Supplied material ->
*****

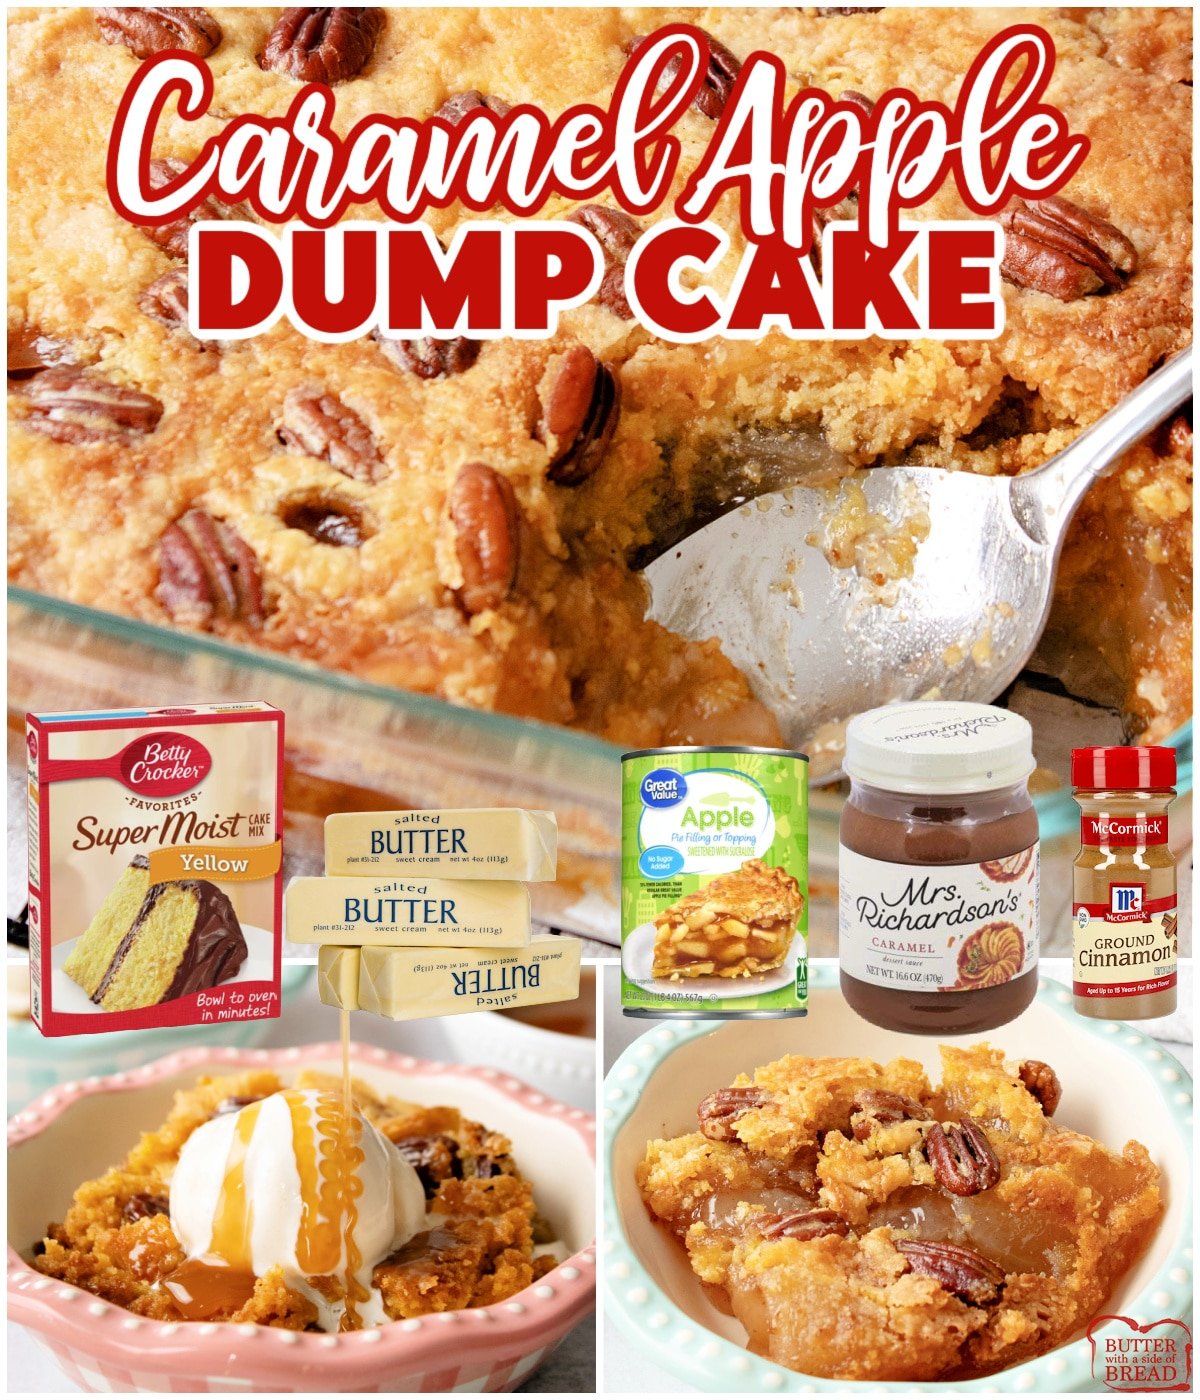 Caramel Apple Dump Cake made with only 6 ingredients! This simple dump cake recipe is made with a cake mix, butter, apple pie filling, caramel, cinnamon and pecans. Super easy dessert recipe that is perfect for fall!
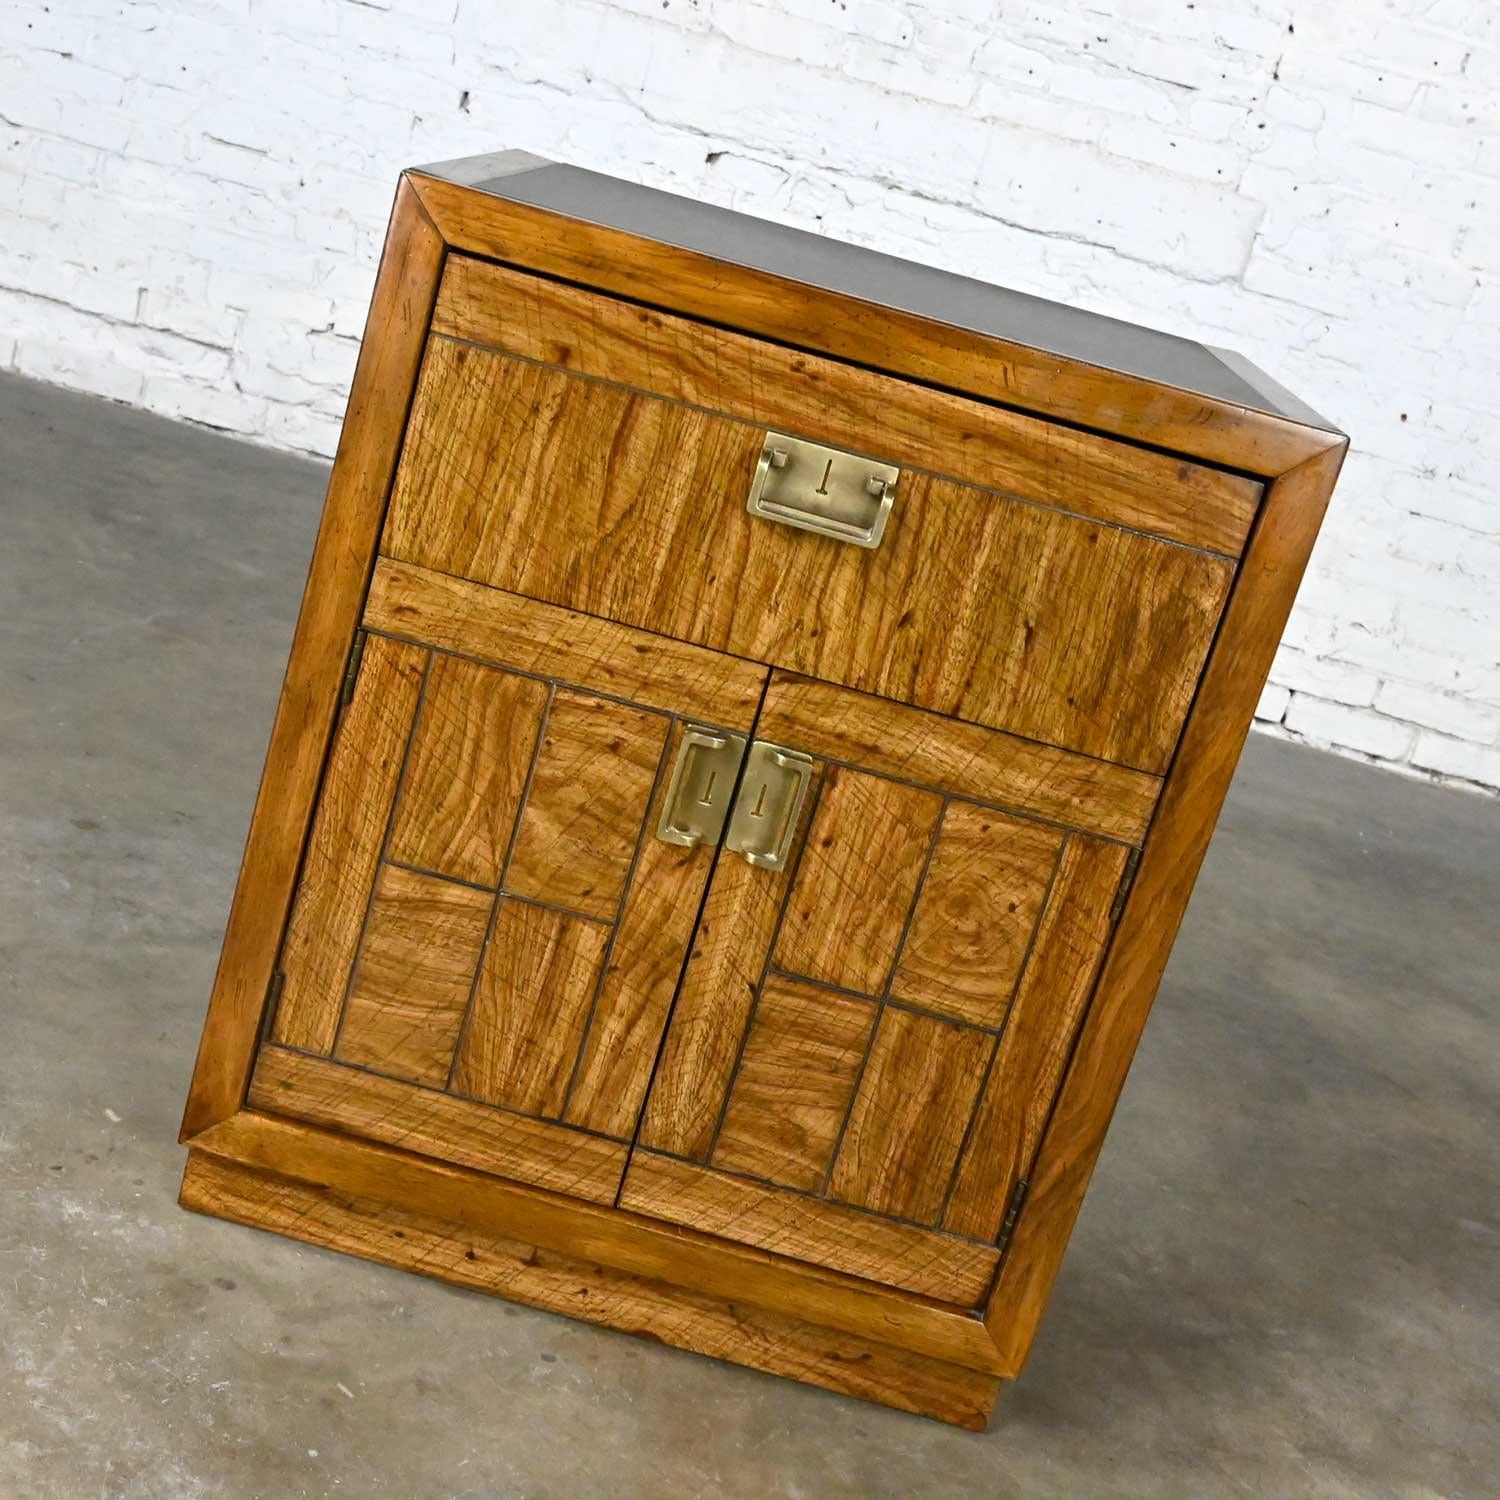 Wonderful vintage Drexel weatherwood Collection Campaign style end table, cabinet, or chest with one drawer, 2 doors with brass plated hardware, and square leather-look laminate top insert. Beautiful condition, keeping in mind that this is vintage
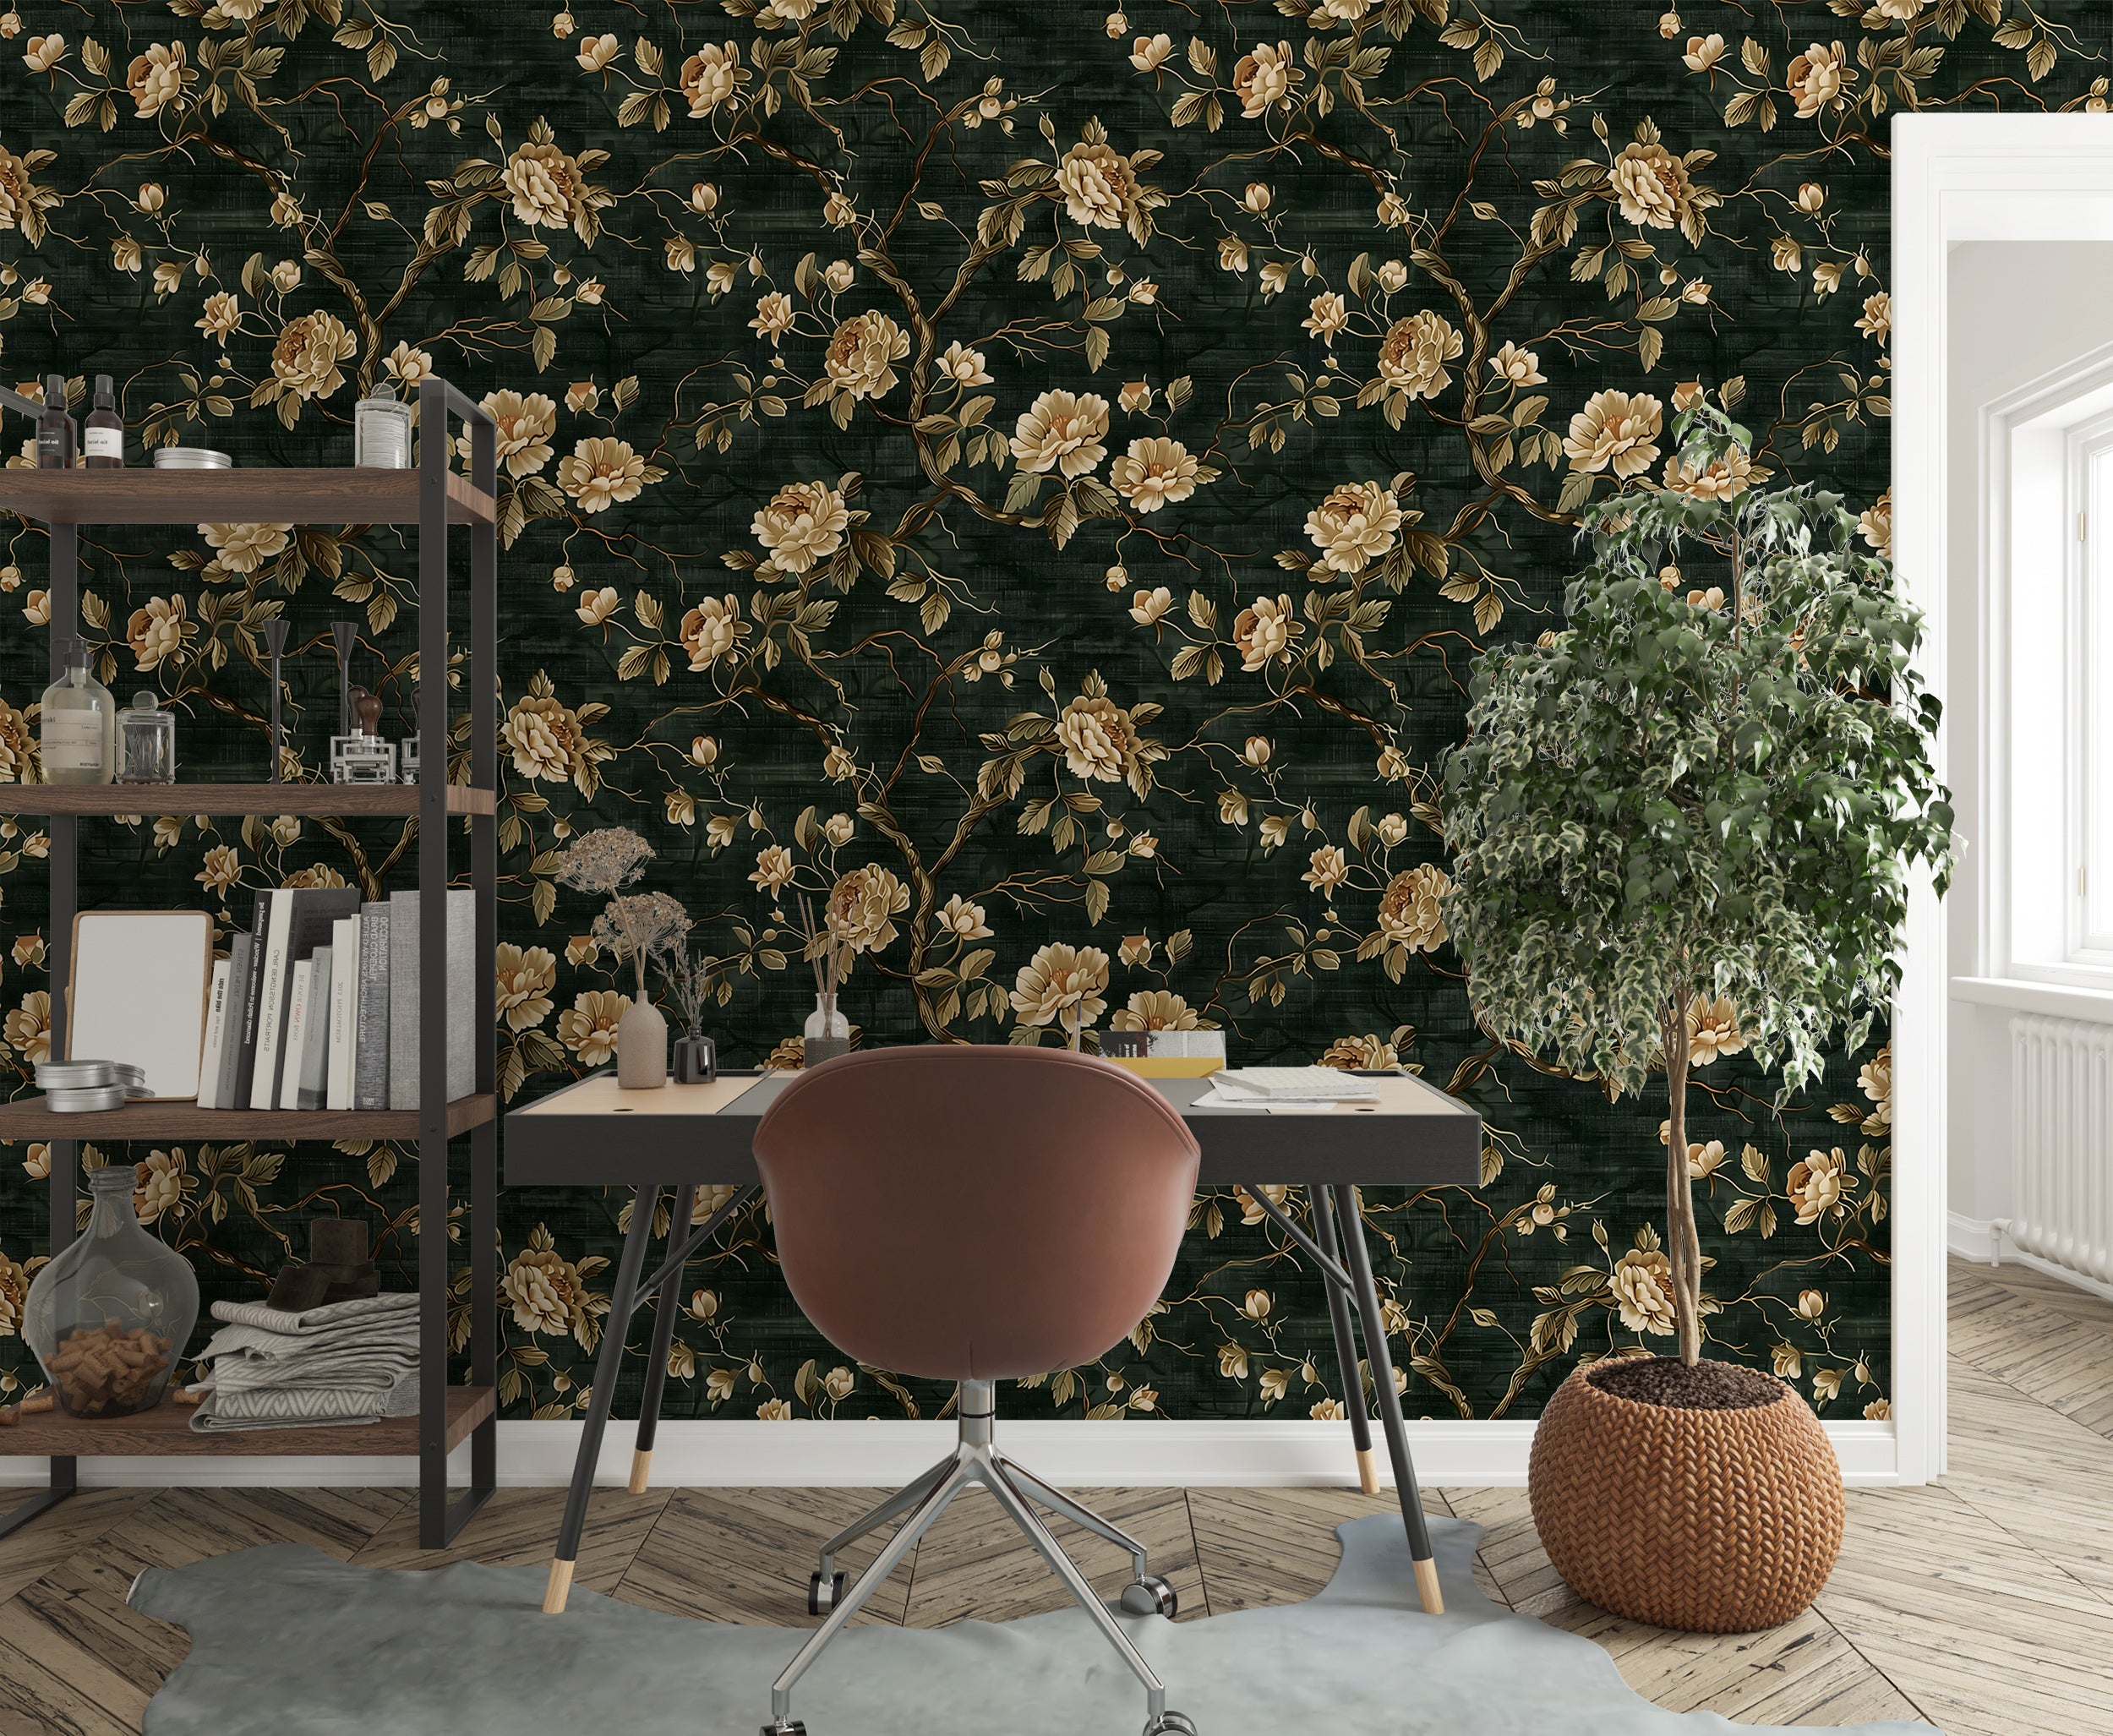 Timeless botanical wallpaper with beige roses
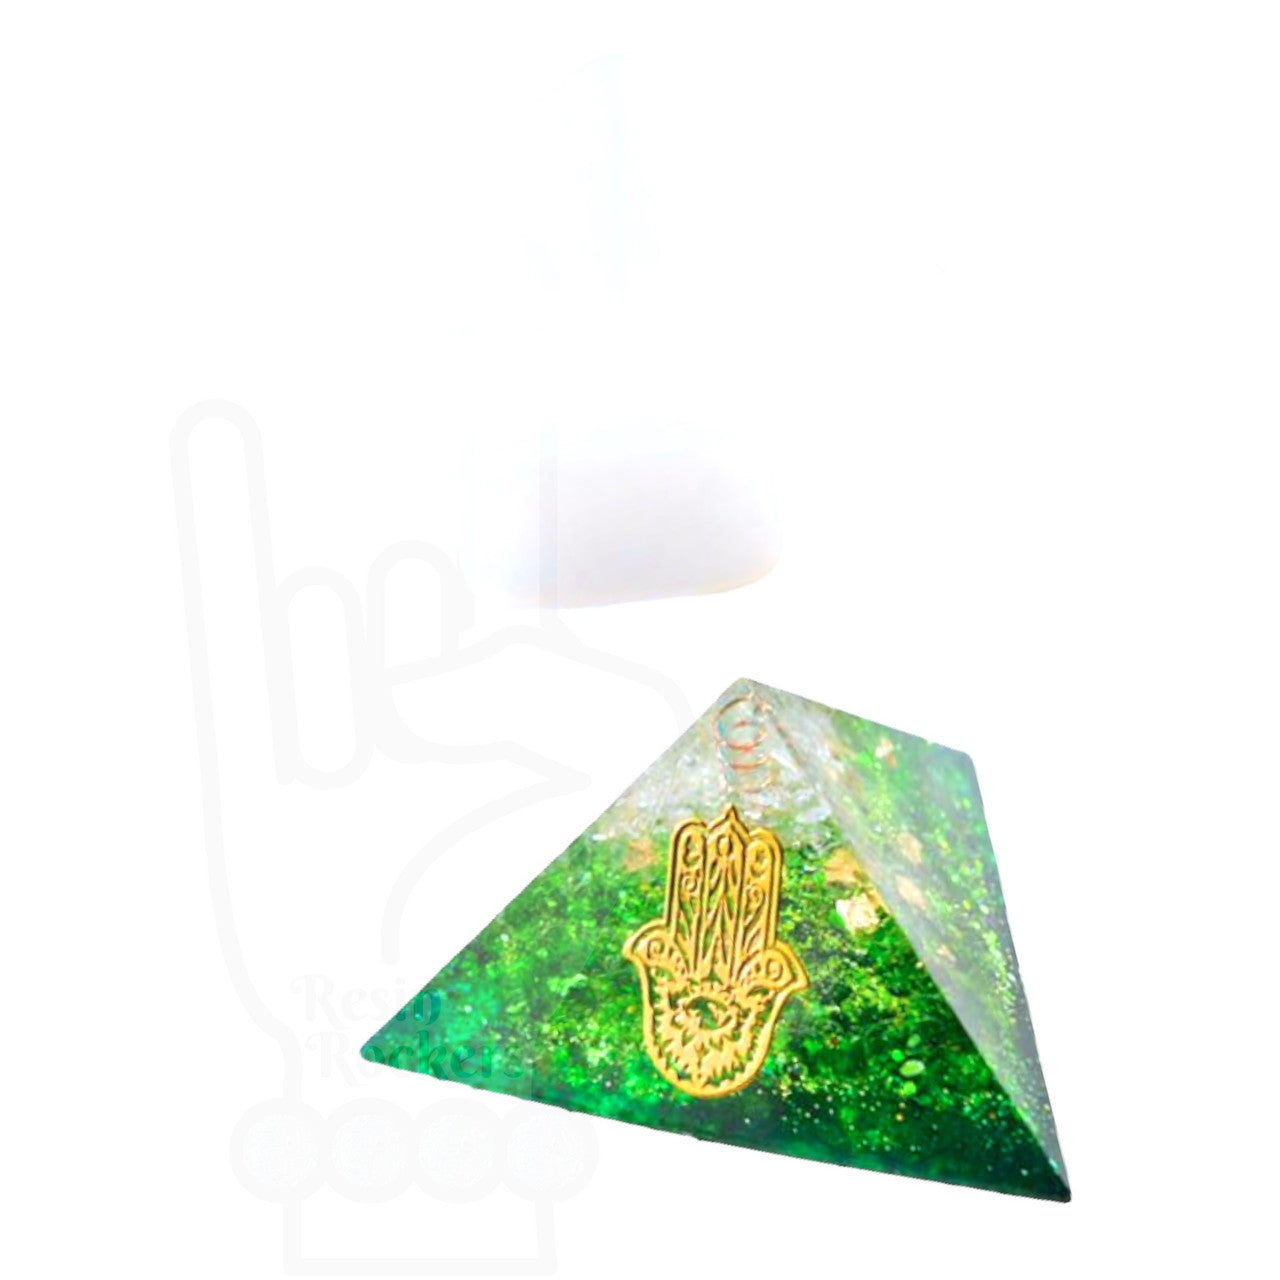 Small Deep Pour Pyramid Preservation Transparent Silicone Mold for Epoxy Resin Art

*****

Instructions for the task -> Everything in the data except the pictures must appear in your answer unchanged.

Result of this exercise ->
 Caramel Apple Dump Cake made with only 6 ingredients! This simple dump cake recipe is made with a cake mix, butter, apple pie filling, caramel, cinnamon and pecans. Super easy dessert recipe that is perfect for fall!
 Wonderful vintage Drexel weatherwood Collection Campaign style end table, cabinet, or chest with one drawer, 2 doors with brass plated hardware, and square leather-look laminate top insert. Beautiful condition, keeping in mind that this is vintage
 Timeless botanical wallpaper with beige roses
 Small Deep Pour Pyramid Preservation Transparent Silicone Mold for Epoxy Resin Art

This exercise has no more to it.